If nothing else, the scandal and resignation of New York Governor Eliot Spitzer this past week has brought up a fascinating and almost 100 year federal law commonly known as the Mann Act.  Officially named the United States White-Slave Traffic Act, the intent behind the law was to prevent the interstate transport of females for “immoral purposes.”  Such historical luminaries such as Charlie Chaplin, Chuck Berry and Jack Johnson have all been targets of prosecution under this law.

Of course, many cynics would point out that ex-Governor Spitzer’s situation is just the latest example of an improper and immoral “man act.”  Specifically limiting the examples to our profession, Eliot Spitzer joins a list of prominent lawyers/politicians such as Clarence Thomas, Gary Hart, Bill Clinton, Jim McGreevey and others who have been implicated in inappropriate sexual behavior with someone other than their wife.   Some would say it’s something endemic to people in their position and power, and maybe there is something to that theory.  For many of those implicated, it has not been a case of having marital problems at home.  In fact, you can watch just about every press conference after these scandals and notice the wife standing by her man like Tammy Wynette.  Instead, they become involved in these activities because they have the money, power and opportunity to do so.  Some people with the means become involved in drugs; others choose different vices and temptations.  In none of these cases has the alleged activity ever been properly justified or defended.

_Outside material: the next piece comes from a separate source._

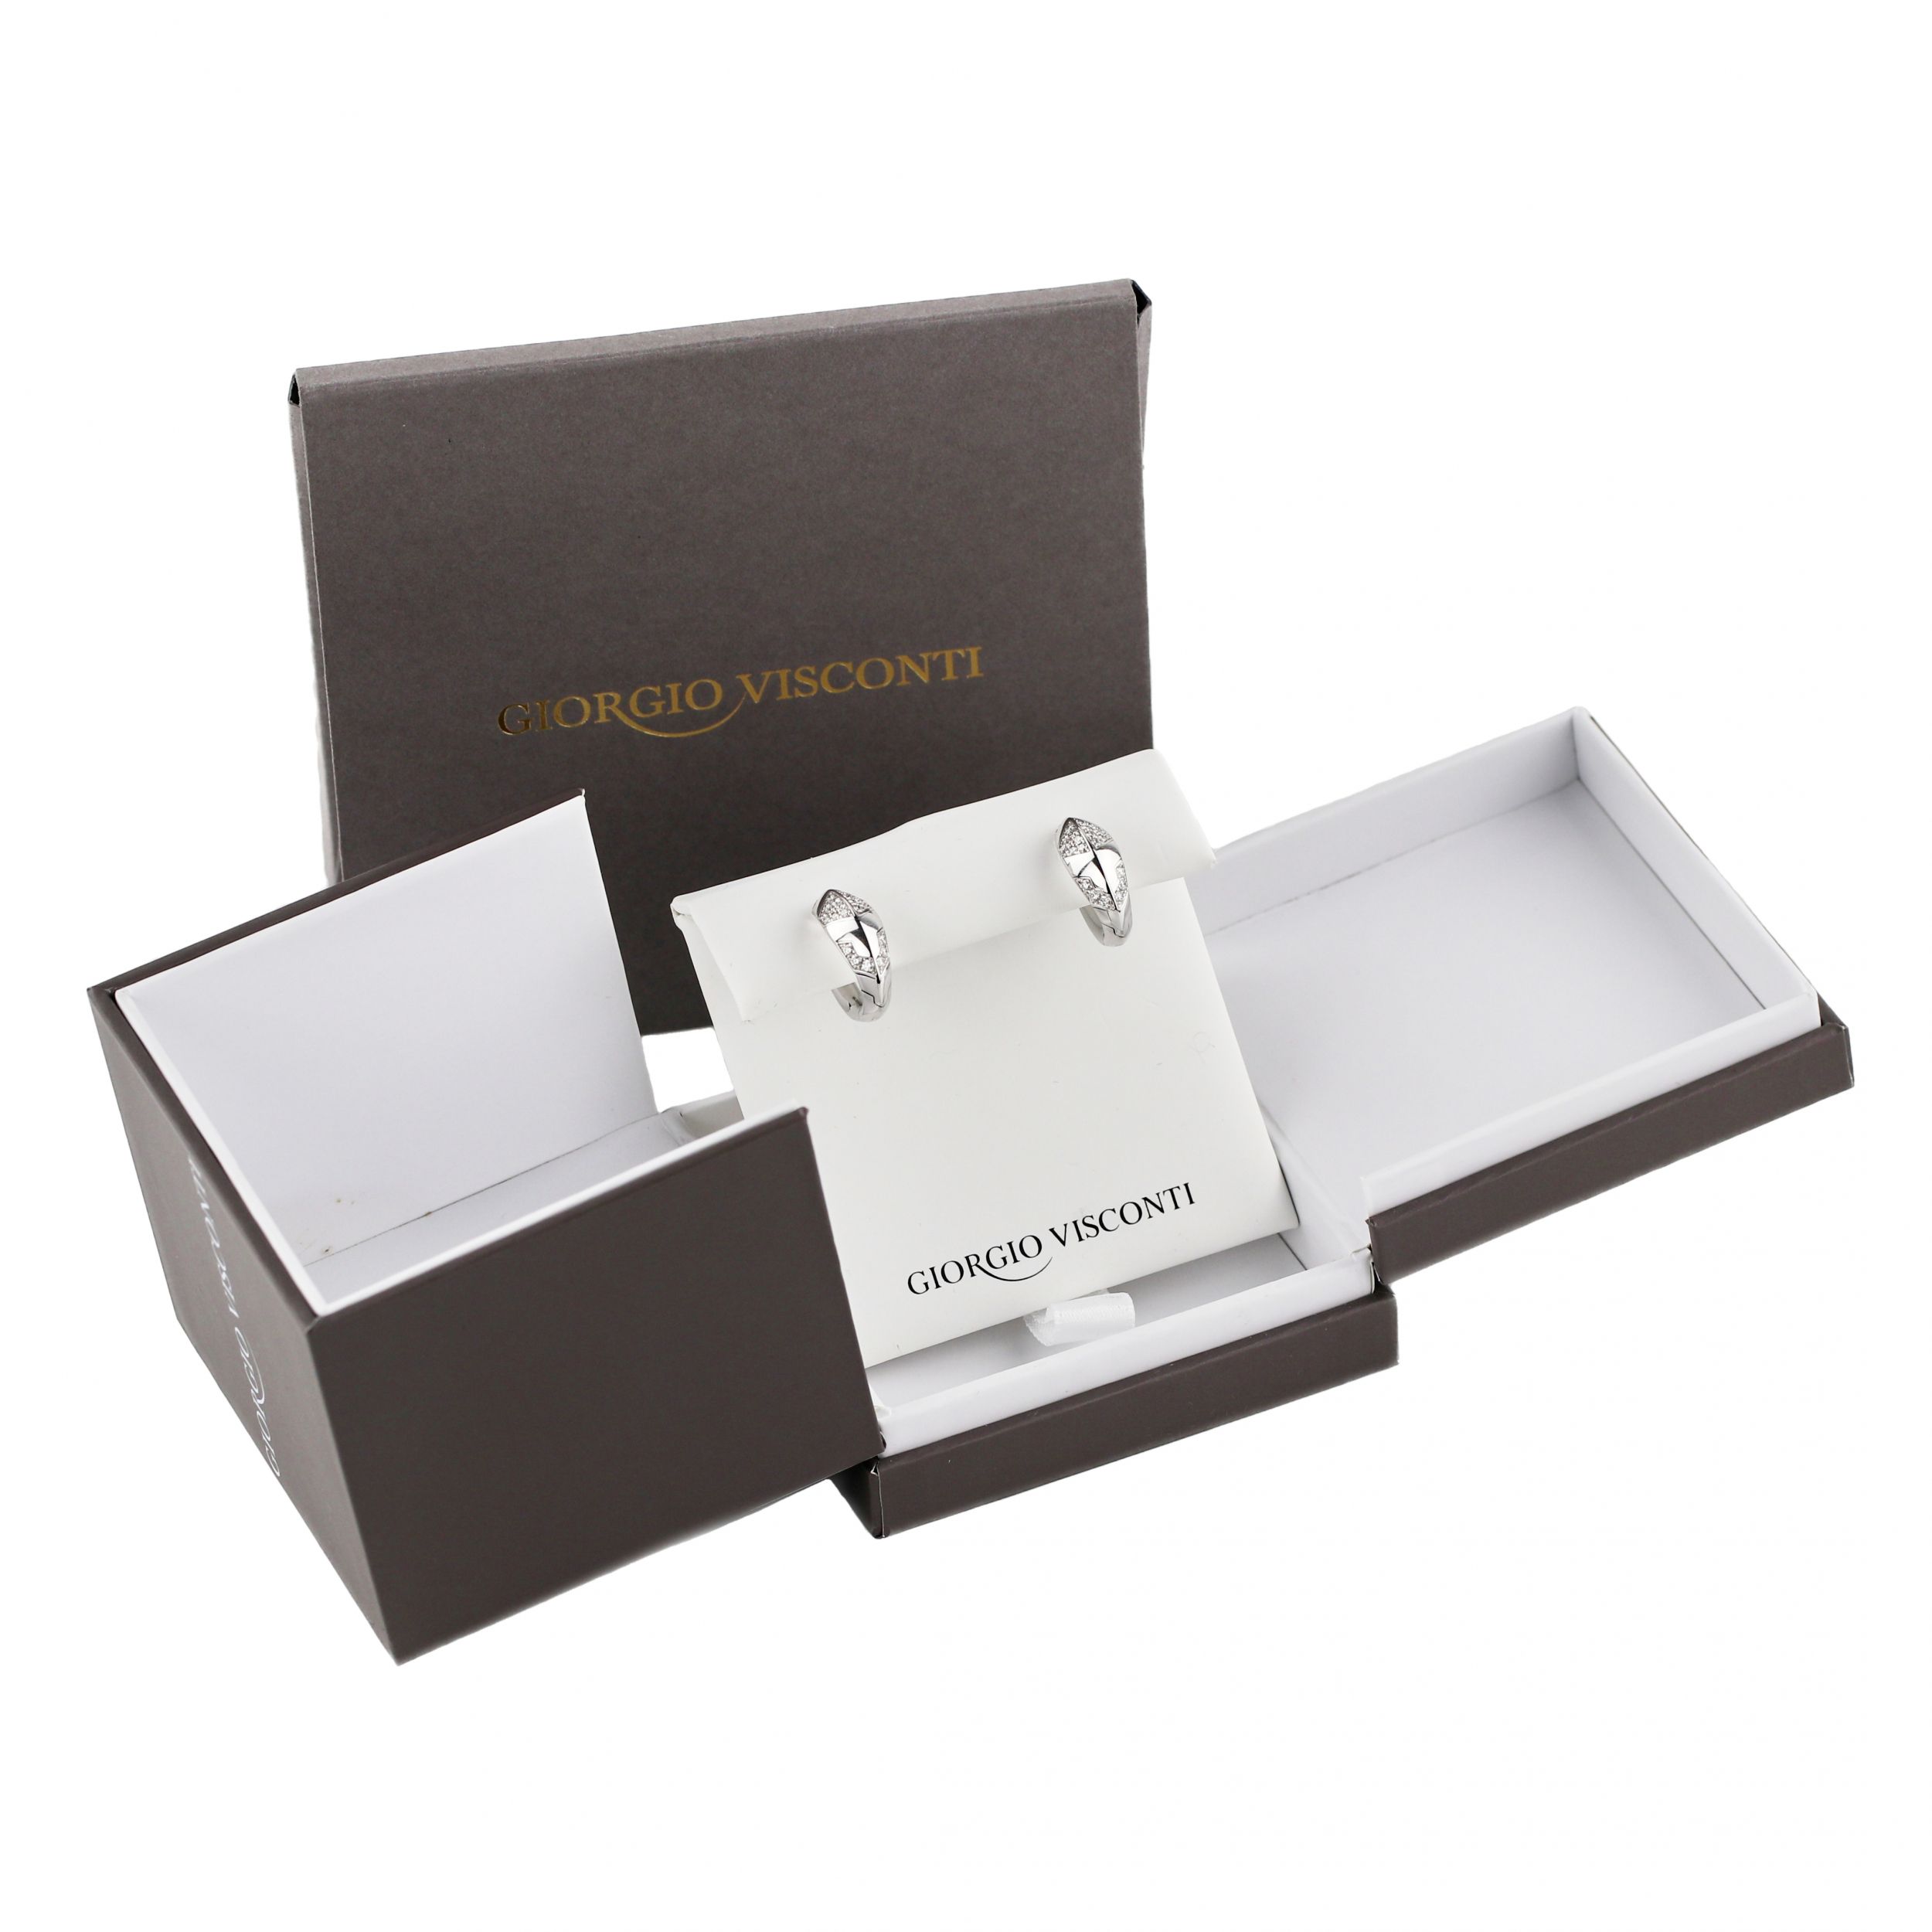 Giorgio-Visconti-white-gold-earrings-with-diamonds-
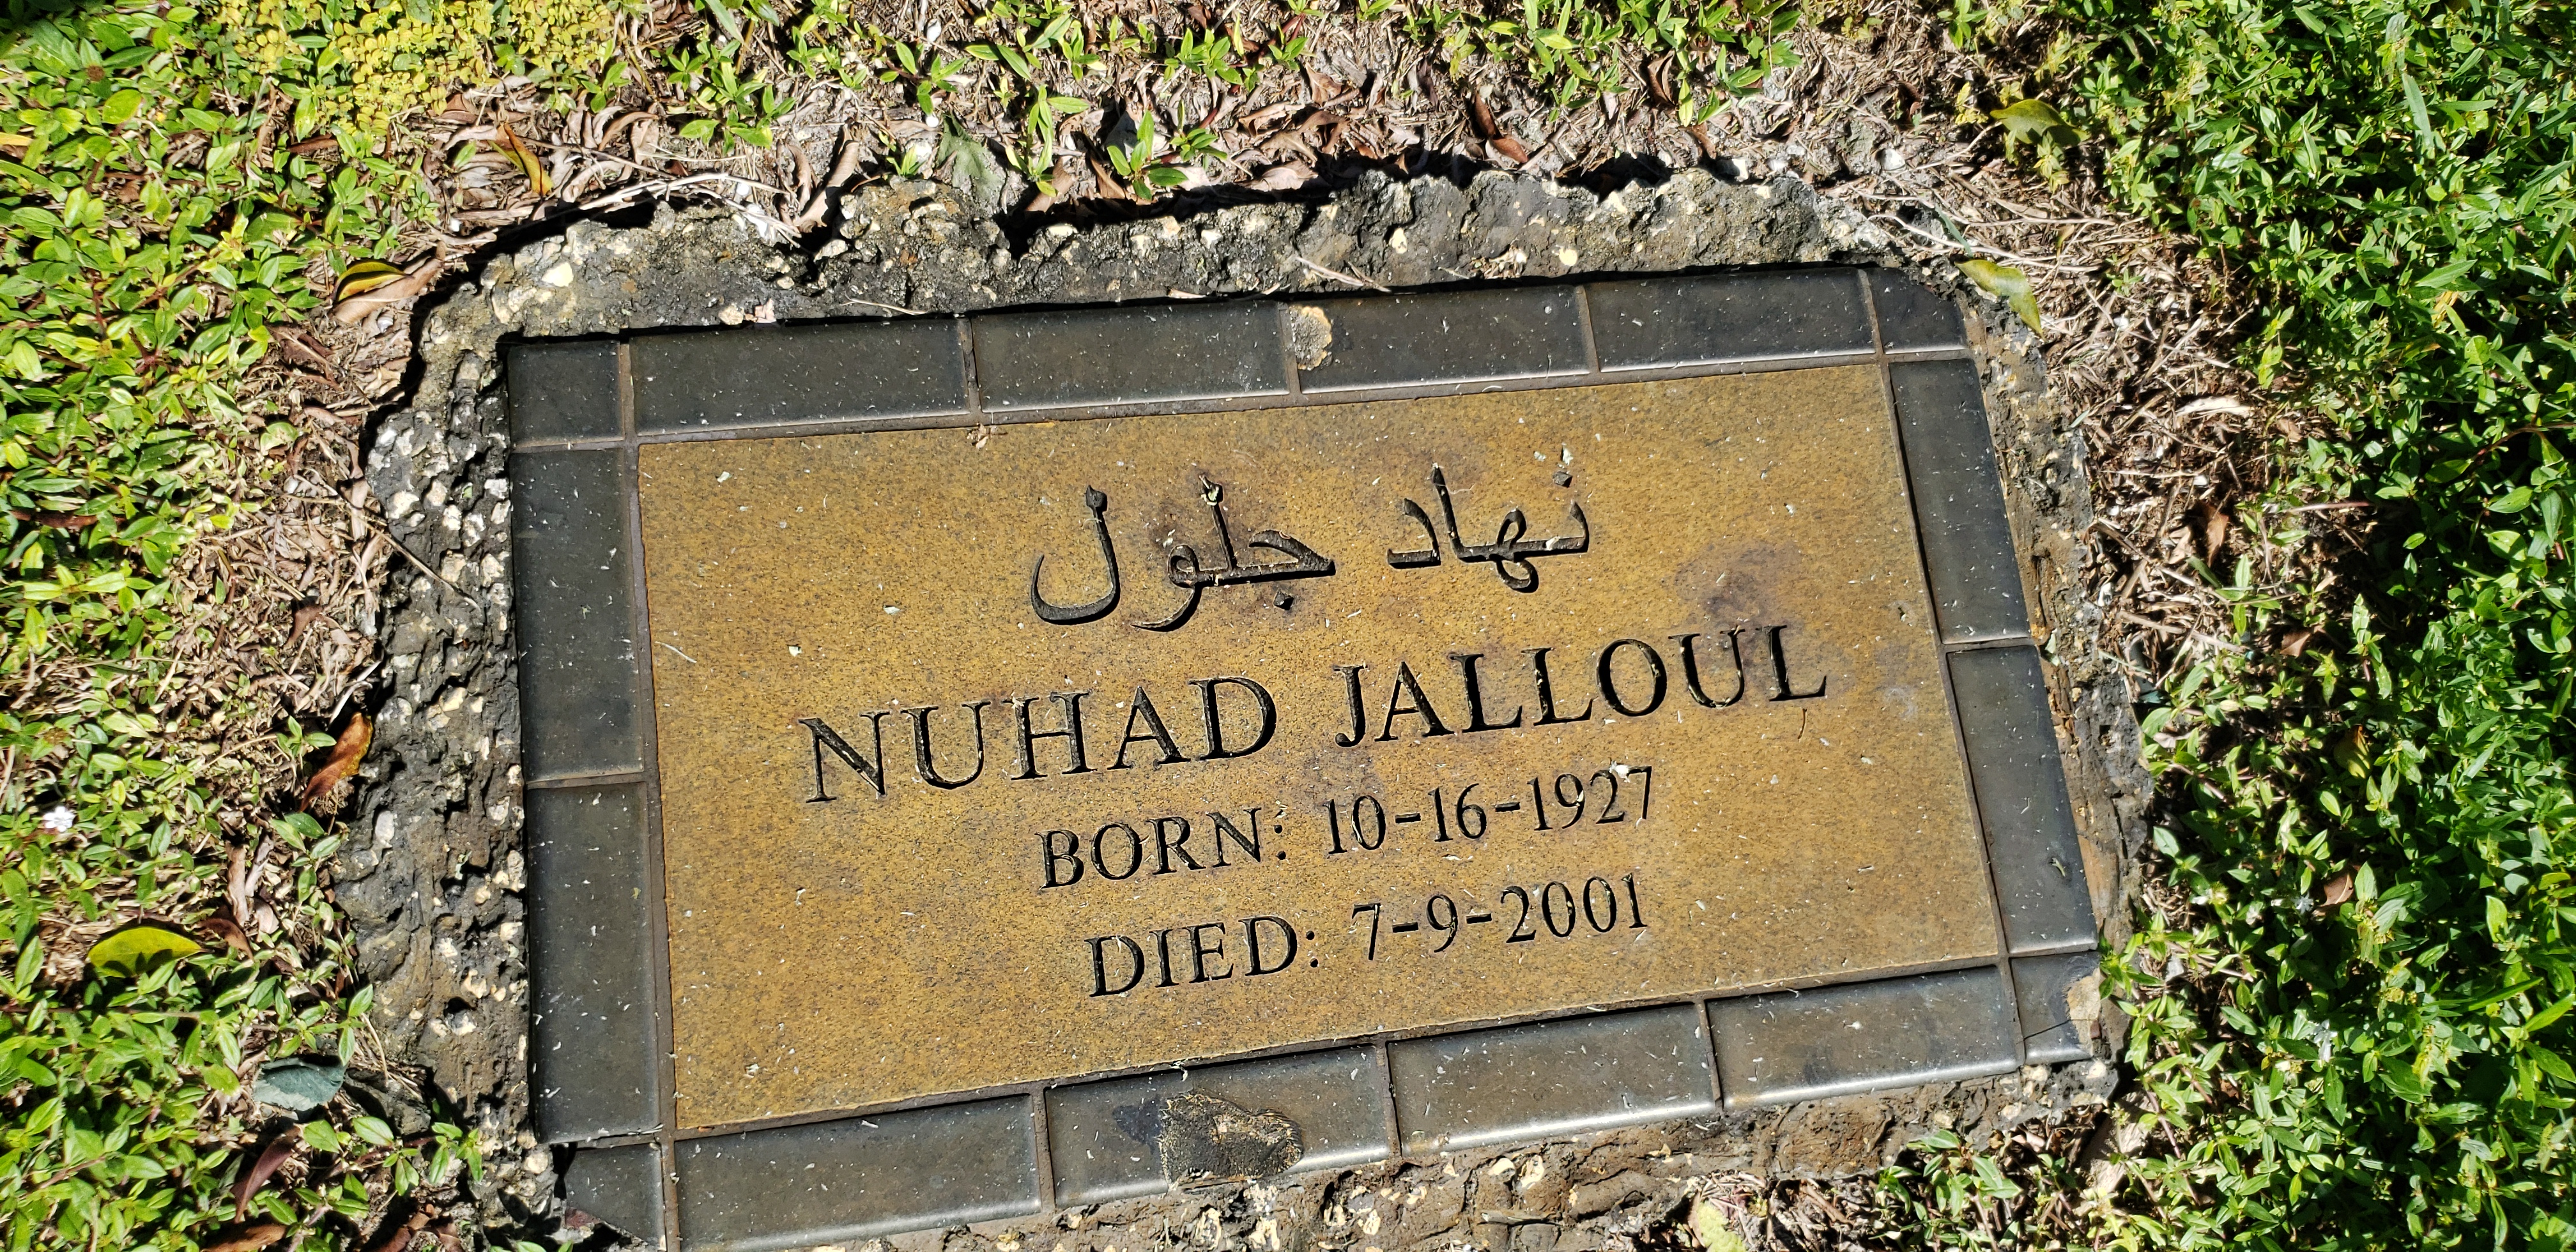 Nuhad Jalloul

The typical Philadelphia young lawyer doesn’t have the same money, power or opportunity to get into nearly as much hot water.  Our status, however, does still require us to act responsibly and avoid trouble.  Ex-Governor Spitzer noted this past week that he acted in a way that violated his obligations to his office and family.  We too must be mindful of our many obligations.  Avoiding escort services is probably a good start.